Hash Table Memory Management

The build phase requires fitting the entire build relation into the hash table in memory. For very large build relations, this is infeasible. Modern query engines handle oversized hash tables through grace hash join:

Grace Hash Join: Before building the hash table, both inputs are partitioned into smaller files on disk using the join key hash. Only one file pair (build partition + probe partition) is loaded into memory at a time, joined, and written to output. The next file pair is loaded, joined, and so on. This requires 2-3 disk passes over the data but bounds memory usage to the partition size rather than the total relation size.

In distributed systems, “spilling to disk” — writing hash table partitions that don’t fit in RAM to local SSD — enables graceful handling of data larger than available memory at the cost of significantly increased query latency.

Semi-Join and Anti-Join Variants

Semi-Join: Returns rows from the left table that have at least one matching row in the right table (WHERE EXISTS or IN subquery). The hash table only needs to store join keys (not full rows), halving memory usage compared to a full join.

Anti-Join: Returns rows from the left table that have no matching row in the right table (WHERE NOT EXISTS or NOT IN). Useful for finding customers who have never placed an order, or for identifying orphaned records in data quality workflows.

Hash Semi/Anti Join in Iceberg DELETE: Apache Iceberg’s position delete optimization uses a hash join internally: the delete file (containing positions of rows to delete) is loaded into a hash table, and the data file is probed to mark matching positions for deletion during merge-on-read operations.

Optimizing Hash Joins in the Lakehouse

Accurate Statistics: The optimizer must correctly identify the smaller input as the build side. If statistics are stale and the optimizer chooses the larger relation as the build side, the hash table may exceed available memory and spill to disk unnecessarily. Maintaining accurate Iceberg table statistics via periodic ANALYZE TABLE prevents this.
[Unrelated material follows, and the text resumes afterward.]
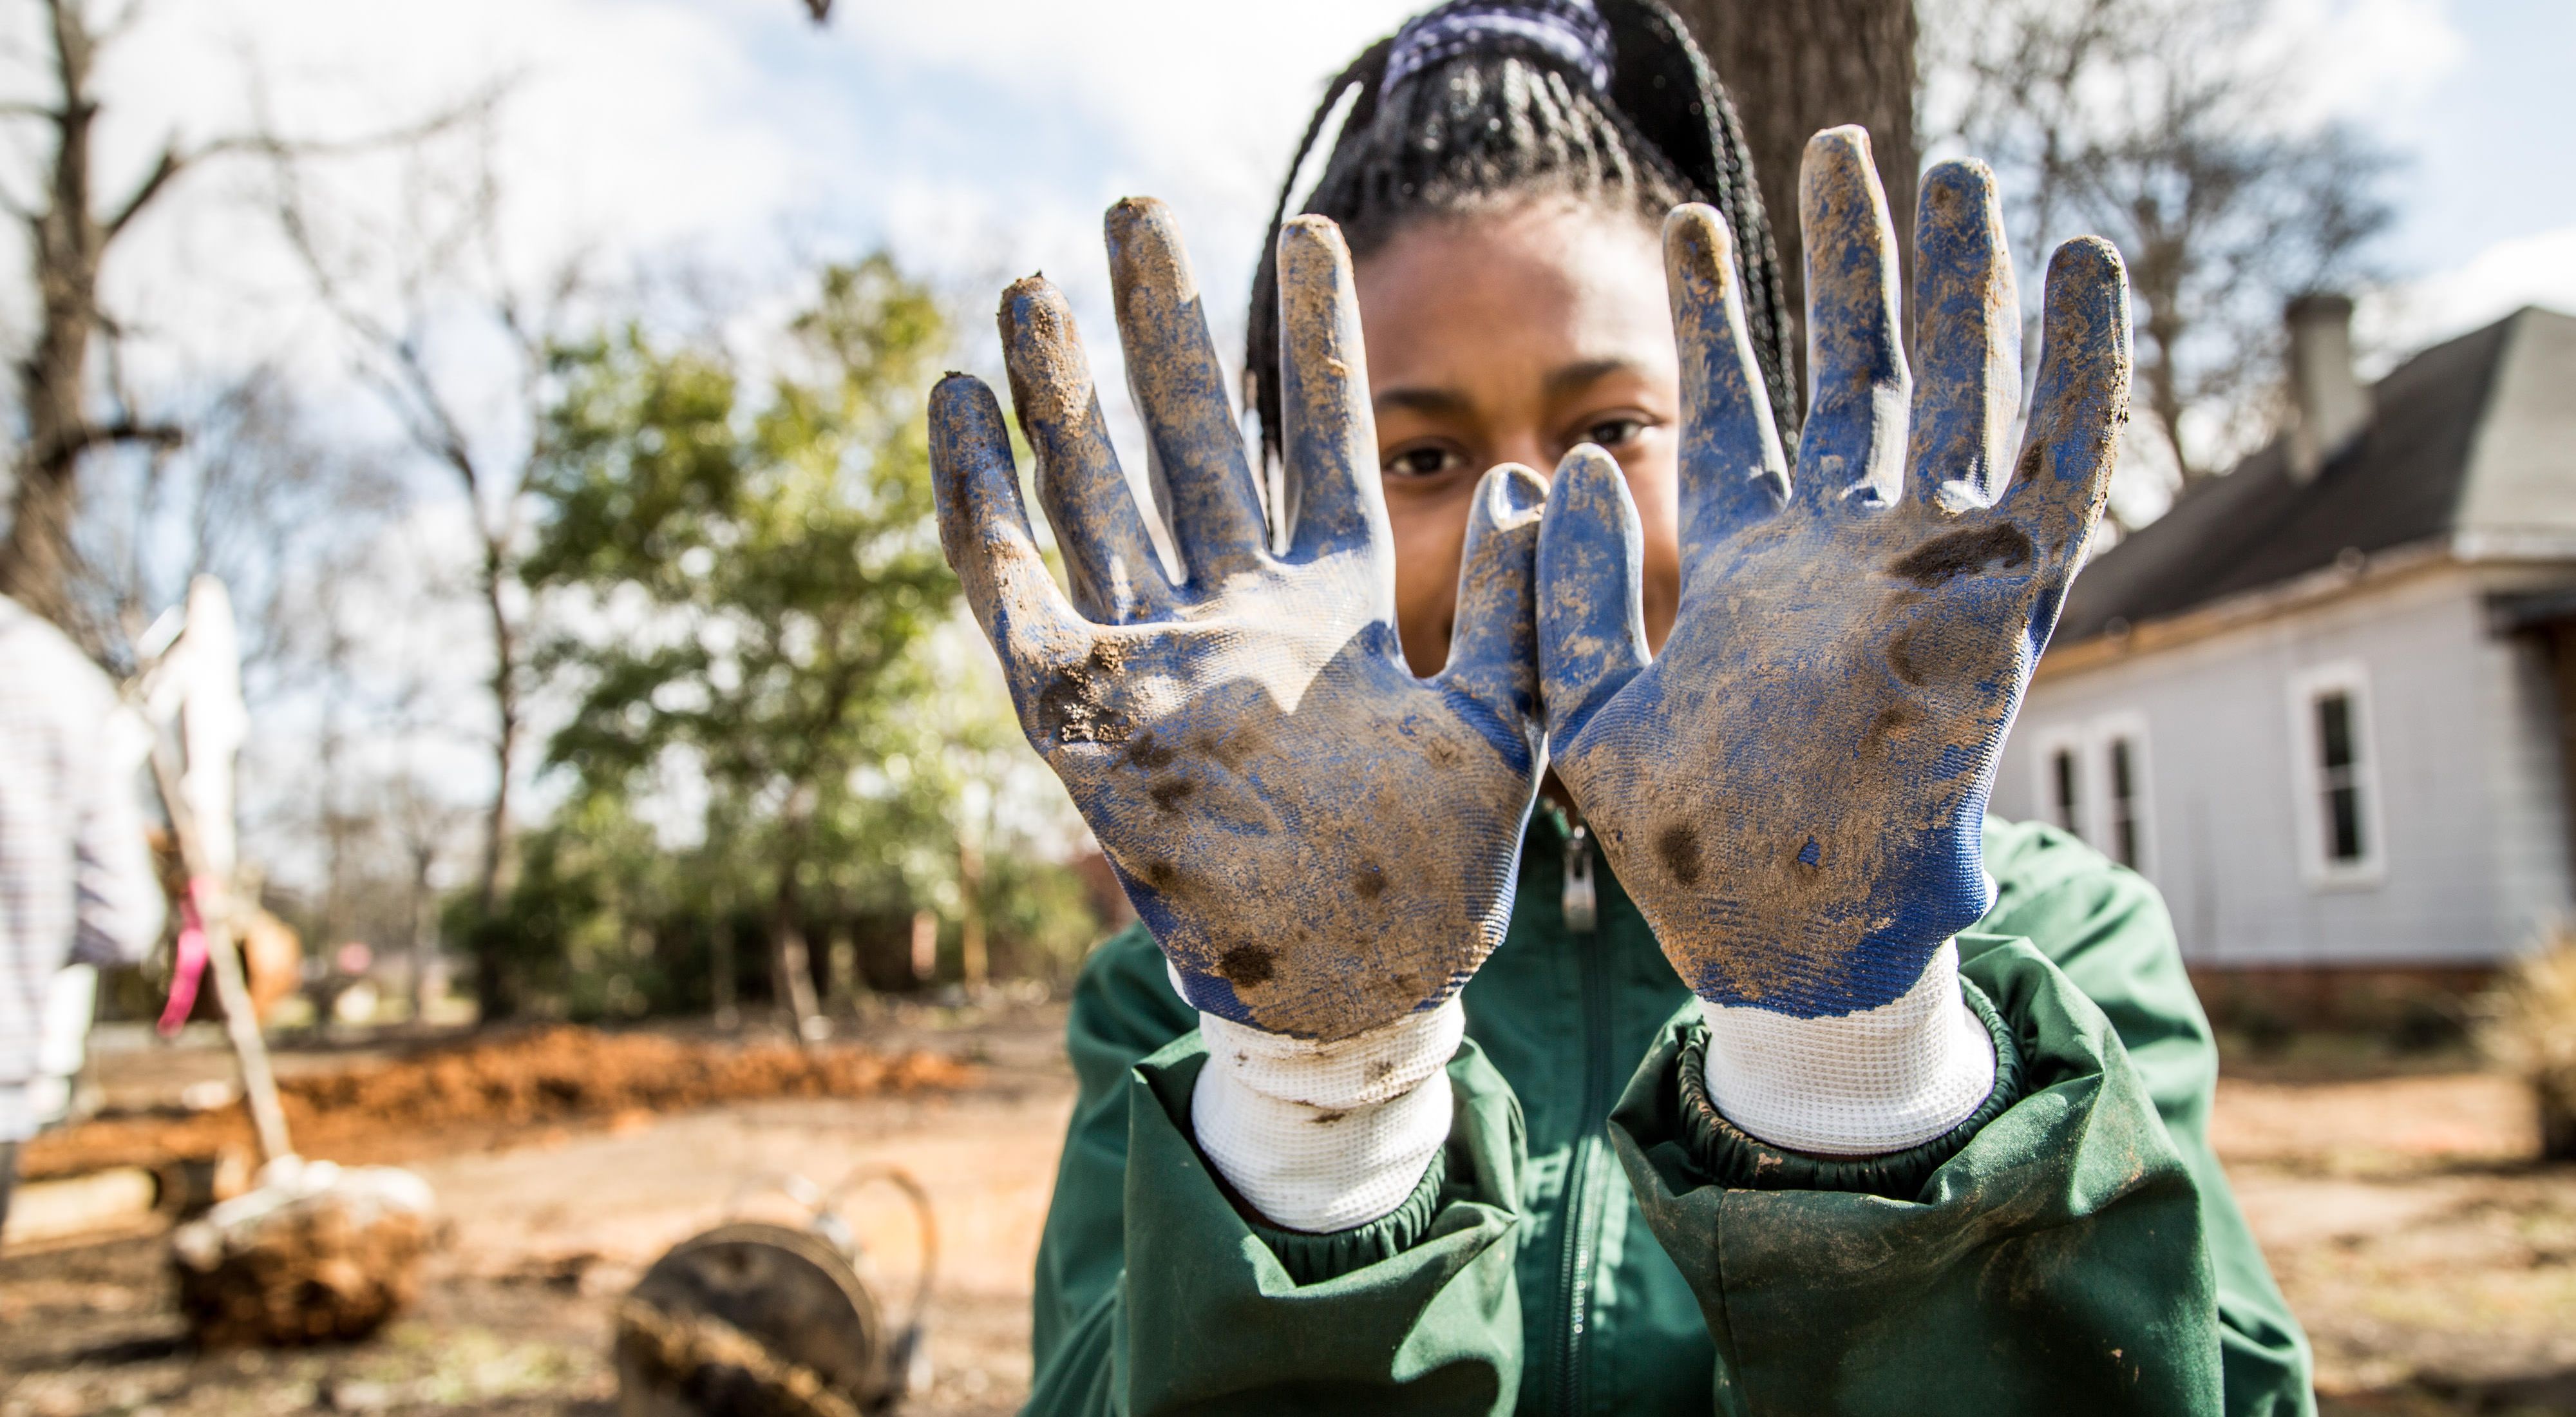 A student from historic Woodlawn High School in Birmingham, Alabama, shows off her dirty gloves from working on a "conservation lab." A "conservation lab" is vacant land converted into productive land for pollinators, birds, biodiversity, stormwater treatment demo areas, and generational care for the environment. These labs are low maintenance and a low-impact design.

Pre-Aggregation on Build Side: For joins followed by aggregations, pushing partial aggregation before the shuffle reduces the volume of data that must be shuffled. Aggregating 1 billion rows down to 1 million distinct keys before shuffling reduces network traffic 1000x.
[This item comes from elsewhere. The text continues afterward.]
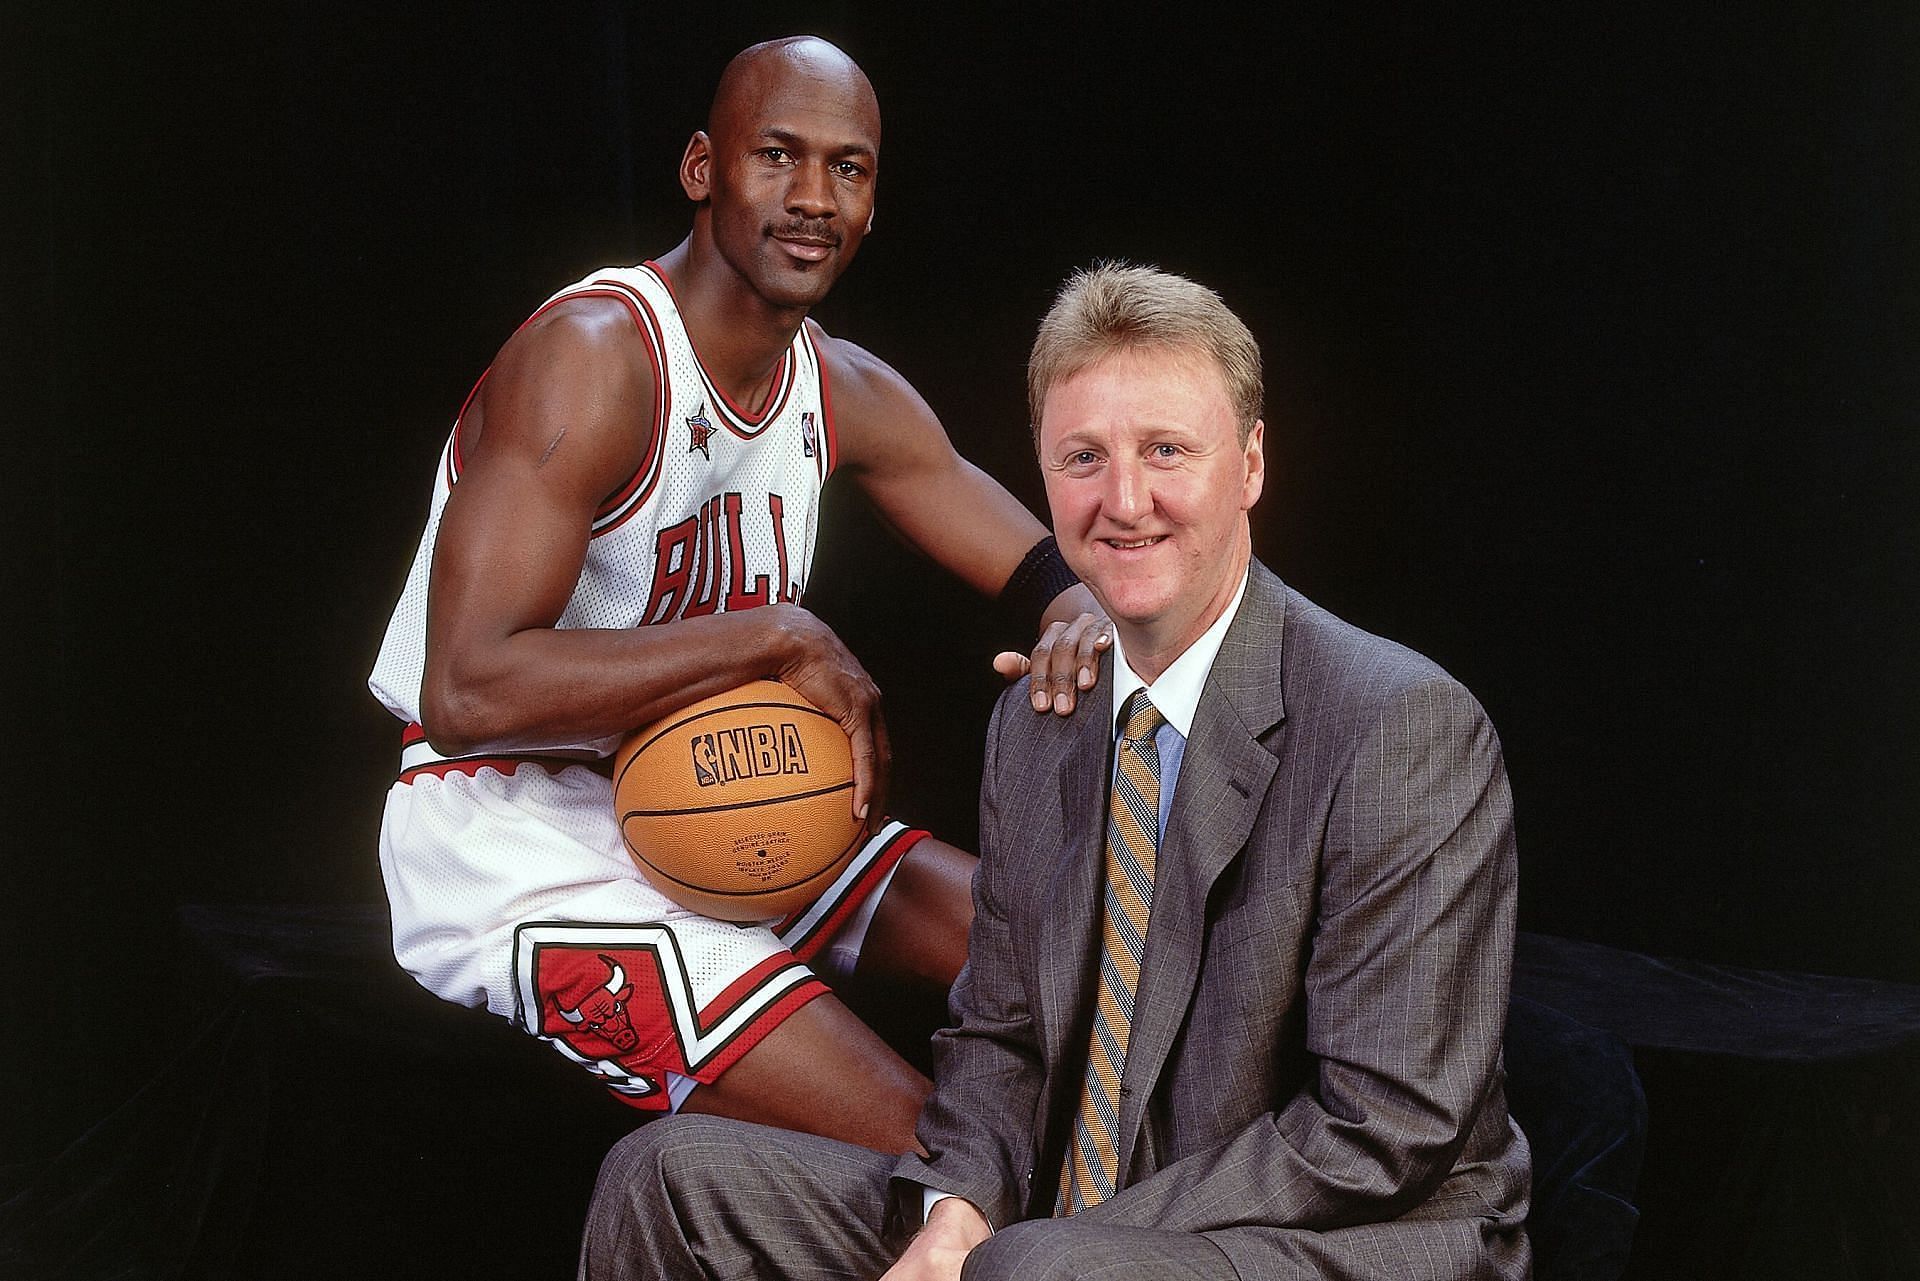 You wouldn't believe what he said': The greatest trash talker ever, Larry  Bird - The Athletic

Hash Table Sharing: For queries joining the same build table multiple times (star schema queries joining one fact table to 5 dimension tables all using the same dimension), some query engines share a single broadcast hash table across all join probes rather than building it separately for each.

Visual Architecture

Diagram 1: Two-Phase Hash Join

graph TD
    A[Build Relation Smaller Table] --> B[Scan Entire Build Side]
    B --> C[Build In-Memory Hash Table]
    D[Probe Relation Larger Table] --> E[Scan Row by Row]
    E --> F[Hash Join Key: Lookup in Hash Table]
    C --> F
    F --> G[Emit Matching Joined Rows]

Diagram 2: Distributed Shuffle Hash Join

graph LR
    A[Table 1] -->|Hash partition by join key| B[Shuffle Exchange]
    C[Table 2] -->|Hash partition by join key| B
    B --> D[Worker 1: Build HT + Probe local partition]
    B --> E[Worker 2: Build HT + Probe local partition]
    B --> F[Worker 3: Build HT + Probe local partition]
    D --> G[Merge Results]
    E --> G
    F --> G